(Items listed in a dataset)
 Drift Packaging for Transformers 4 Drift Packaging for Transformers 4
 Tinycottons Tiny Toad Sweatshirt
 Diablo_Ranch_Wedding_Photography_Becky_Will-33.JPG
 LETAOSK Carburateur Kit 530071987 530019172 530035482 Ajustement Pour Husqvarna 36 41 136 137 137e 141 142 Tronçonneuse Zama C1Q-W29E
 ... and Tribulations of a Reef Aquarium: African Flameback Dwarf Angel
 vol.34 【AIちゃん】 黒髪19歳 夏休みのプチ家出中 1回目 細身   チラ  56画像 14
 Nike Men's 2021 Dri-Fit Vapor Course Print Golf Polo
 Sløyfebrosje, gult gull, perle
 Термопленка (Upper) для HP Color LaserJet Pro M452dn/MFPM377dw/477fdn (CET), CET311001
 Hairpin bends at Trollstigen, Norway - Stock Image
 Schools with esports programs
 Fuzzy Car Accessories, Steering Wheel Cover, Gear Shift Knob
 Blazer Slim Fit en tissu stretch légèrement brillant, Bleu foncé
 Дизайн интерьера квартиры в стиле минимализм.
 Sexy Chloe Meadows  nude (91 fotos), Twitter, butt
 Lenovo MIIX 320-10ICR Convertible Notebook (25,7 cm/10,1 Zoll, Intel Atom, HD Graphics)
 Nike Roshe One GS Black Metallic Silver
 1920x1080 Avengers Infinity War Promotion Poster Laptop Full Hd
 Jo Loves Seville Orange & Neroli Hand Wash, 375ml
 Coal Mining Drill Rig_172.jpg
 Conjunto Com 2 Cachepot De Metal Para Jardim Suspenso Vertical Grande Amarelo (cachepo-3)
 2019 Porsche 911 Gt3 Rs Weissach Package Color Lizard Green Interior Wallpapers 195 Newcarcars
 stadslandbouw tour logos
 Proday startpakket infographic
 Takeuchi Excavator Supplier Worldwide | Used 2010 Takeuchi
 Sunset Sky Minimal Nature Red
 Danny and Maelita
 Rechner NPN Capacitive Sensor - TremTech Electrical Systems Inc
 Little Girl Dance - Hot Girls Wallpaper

WHAT TO PRODUCE
Take the lines above from the one containing "Дизайн интерьера квартиры" down to the one containing "Coal Mining Drill Rig_172.jpg", and transcribe them exactly, both ends included.

RESPONSE BELOW
 Дизайн интерьера квартиры в стиле минимализм.
 Sexy Chloe Meadows  nude (91 fotos), Twitter, butt
 Lenovo MIIX 320-10ICR Convertible Notebook (25,7 cm/10,1 Zoll, Intel Atom, HD Graphics)
 Nike Roshe One GS Black Metallic Silver
 1920x1080 Avengers Infinity War Promotion Poster Laptop Full Hd
 Jo Loves Seville Orange & Neroli Hand Wash, 375ml
 Coal Mining Drill Rig_172.jpg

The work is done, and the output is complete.